— Мы, — просто ответил Коля. — Вернемся и займемся этим.
Трамвай остановился у скверика, перед вокзалом. Коля не был здесь десять лет — с того памятного дня, как первый раз ступил на перрон. Он с удивлением обнаружил, что здесь ничего не изменилось, как будто и не прошло десяти лет. То же здание вокзала — приземистое, неуклюжее. «Почему оно мне тогда показалось красивым?» — подумал Коля. Такие же, как тогда, люди — с мешками, чемоданами, перевязанными крест-накрест бельевыми веревками, плачущие дети, издерганные матери и обалдевшие от суеты милиционеры и железнодорожники. Единственное новшество, которое автоматически отметил Коля, заключалось в огромном транспаранте: «Товарищ! Твоя обязанность помочь главной стройке страны! Новый автозавод-гигант решено строить в районе Нижнего Новгорода!» Транспарант протянулся через весь фасад вокзала, но, казалось, на него никто не обращал внимания.

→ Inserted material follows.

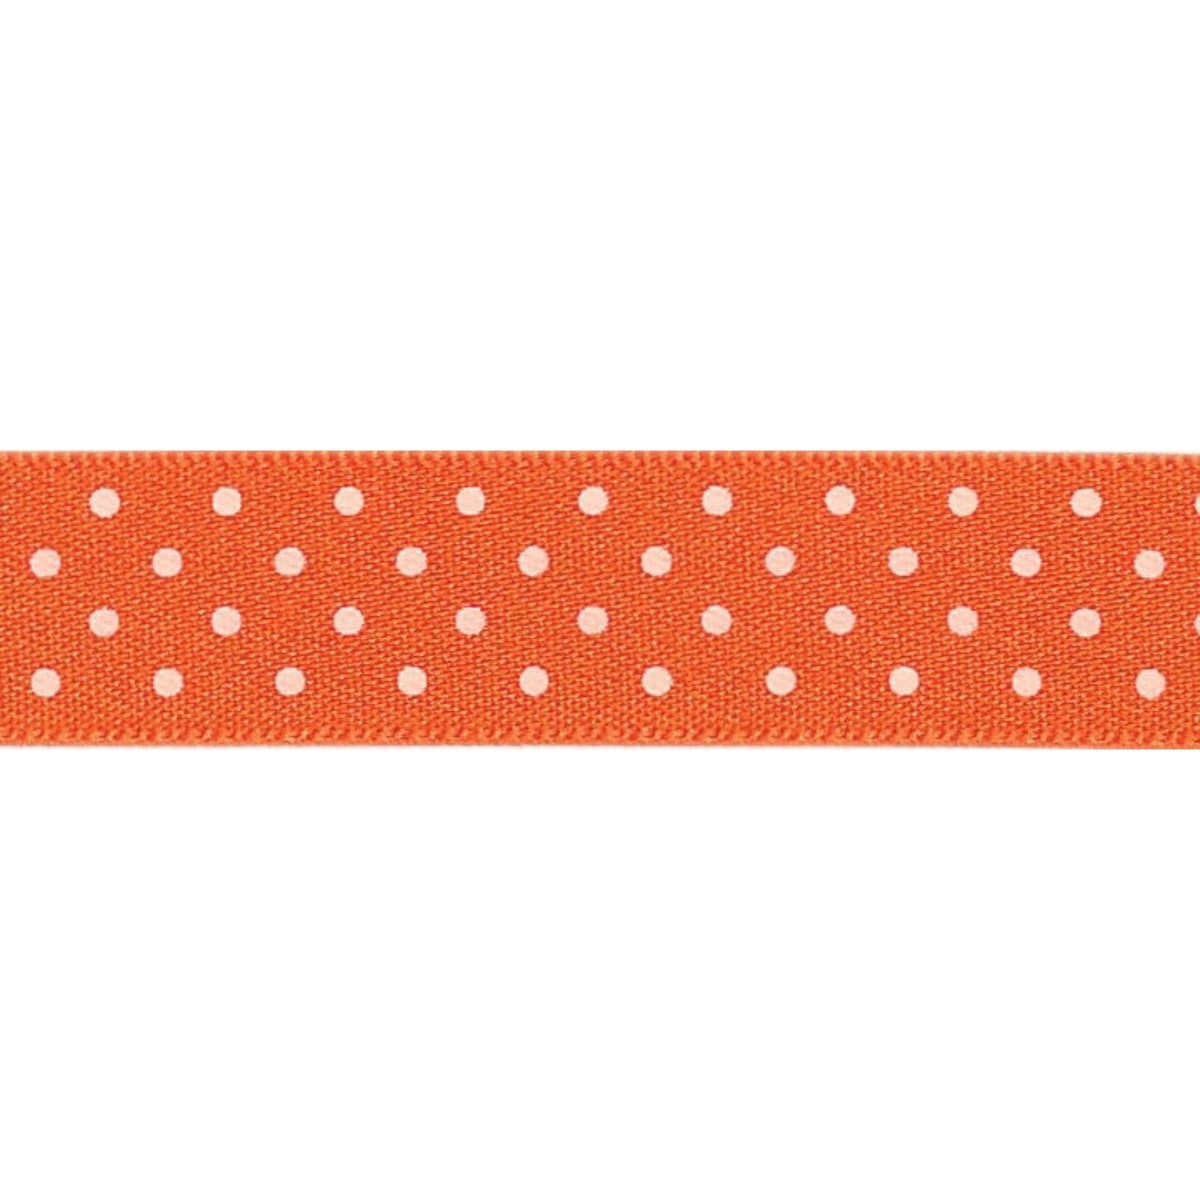 Micro Dot Ribbon: Orange delight and white: 15mm wide: Price per metre.

Маша перехватила Колин огорченный взгляд:
— Уже обиделся — вижу. Ну как же — никому нет дела до главной стройки страны. Что же, по-твоему, все должны стоять перед этим лозунгом и митинговать!
— Ты как всегда права, дорогая, — грустно пошутил Коля. — Только десять лет назад именно так и было бы. У тебя нет ощущения, что мы утрачиваем какие-то очень важные свойства, а? Ты не думала, почему мы их утрачиваем?

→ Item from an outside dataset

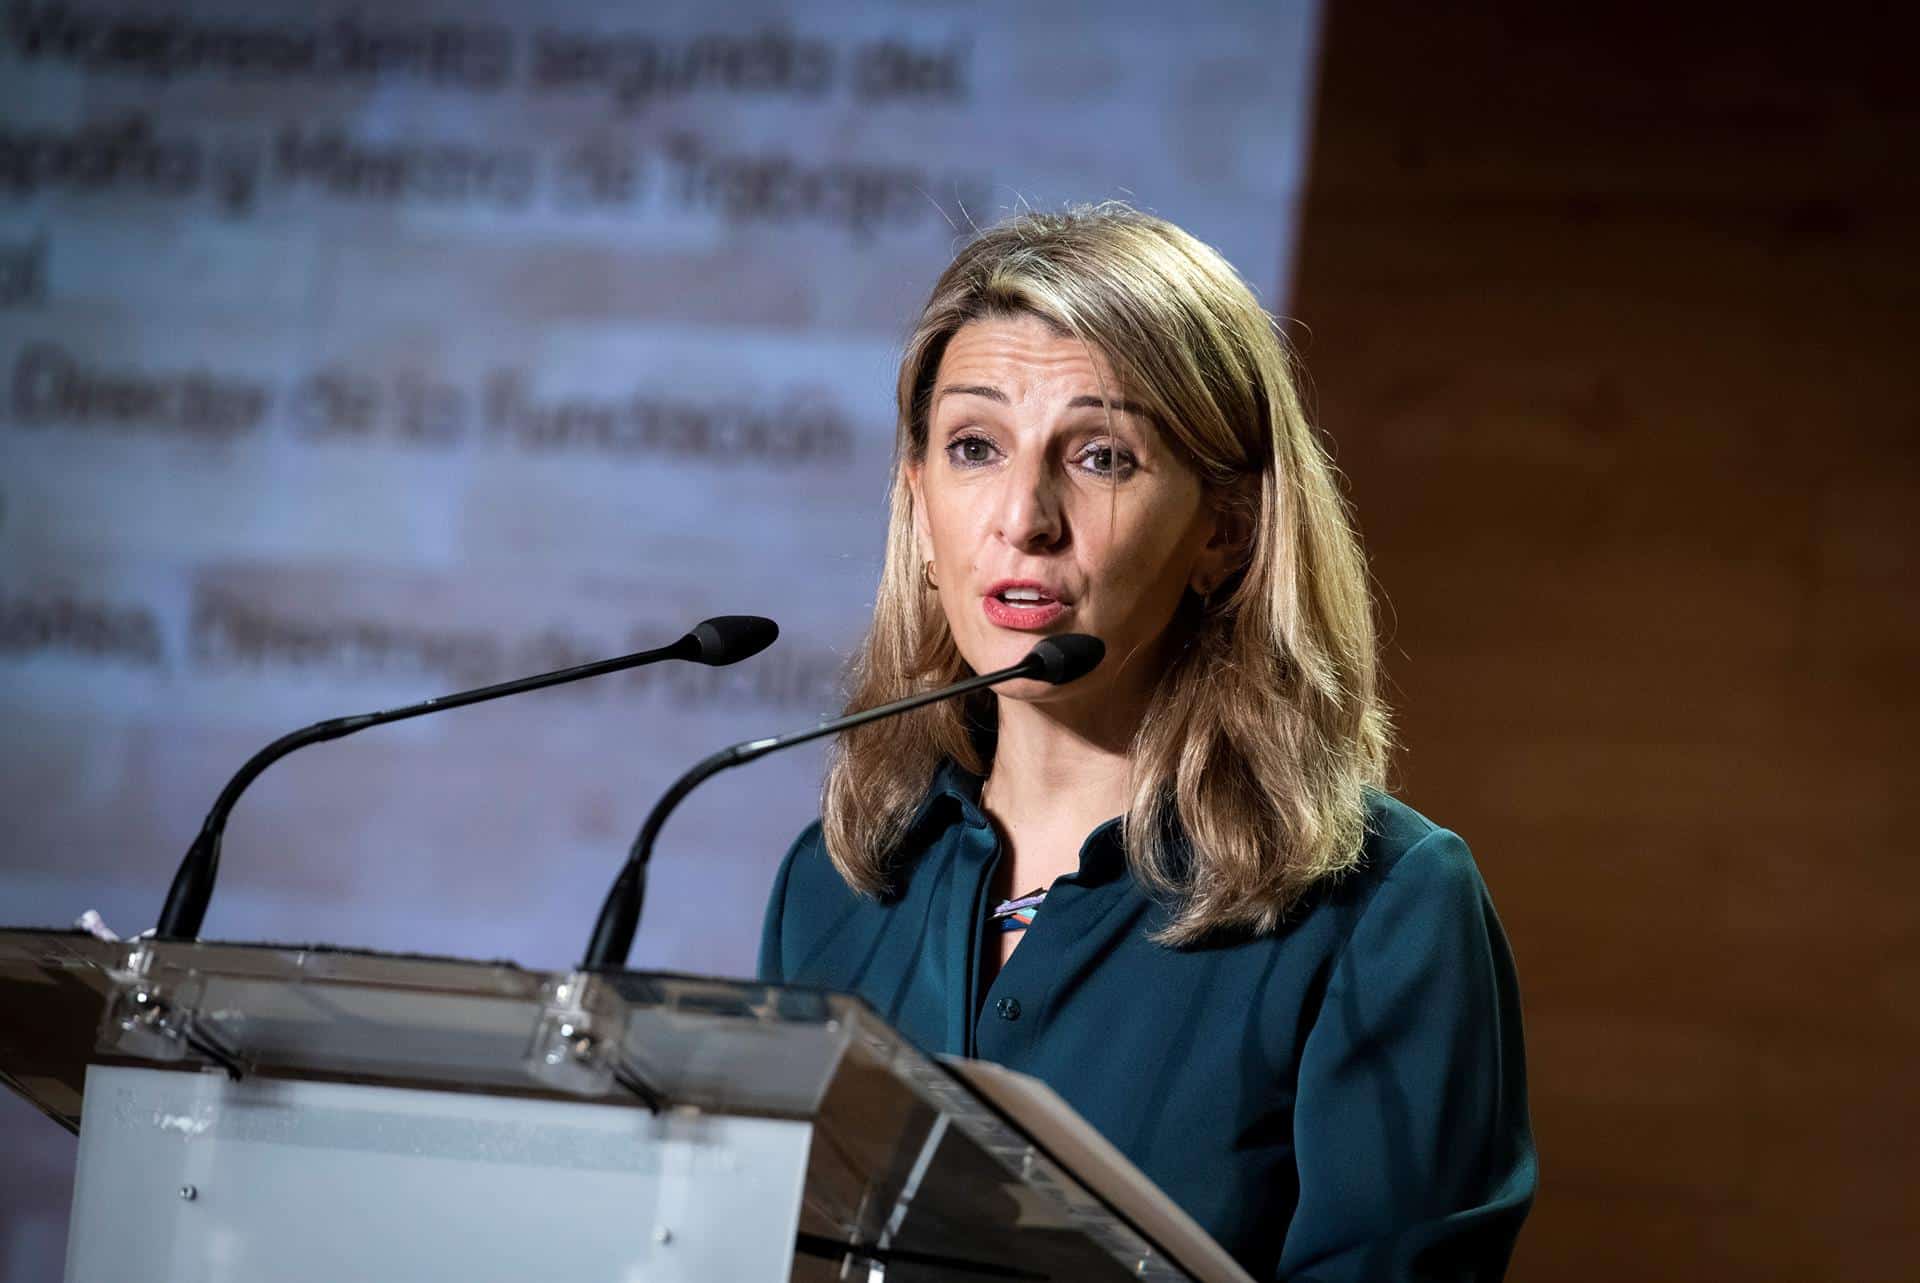 La vicepresidenta segunda del Gobierno, Yolanda Díaz, durante unas charlas sobre Empleo en Madrid.

— Не знаю… — Маша задумалась. — Прошла радость победы, прошла острота. Революция стала повседневностью. Я неправа?
— Может быть, — кивнул Коля. — Только я не исключаю и другое. Многие думали, что революция — это «ура-ура» и сплошная романтика. А это работа. Подчас — изнурительная, грязная работа… без «спасибо», без чипов и орденов. Не всем это понятно, не всем по нутру. Ладно, при случае поспорим.
…Вагон брали штурмом. Коля влез через окно, бросил на обе верхние полки чемодан и вещмешок, потом втащил Машу:
— Ничего. — Он вытер пот со лба. — Это до Порошина. Там полегчает.
— Вне всякого сомнения, — саркастически улыбнулась Маша. — Вот тебе простой пример: до семнадцатого года можно было ездить вполне прилично.
— Ты же отлично понимаешь, — обиделся Коля, — последствия разрухи: вагонов мало, пути не в порядке. Вот если лет эдак через двадцать такое будет. Да нет, не будет. Не может быть!
— Дай бог, — сказала Маша. — Попробуем уснуть?
Это прозвучало как нелепая шутка. Словно в ответ на Машино предложение из соседней секции донеслись заливистые переборы гармошки, чей-то звонкий голос запел:
Петербургские трущобы,
А я на Крестовском родился,
По кабакам я долго шлялся
И темным делом занялся!
— Как бы нас не обчистили, — вздохнула Маша.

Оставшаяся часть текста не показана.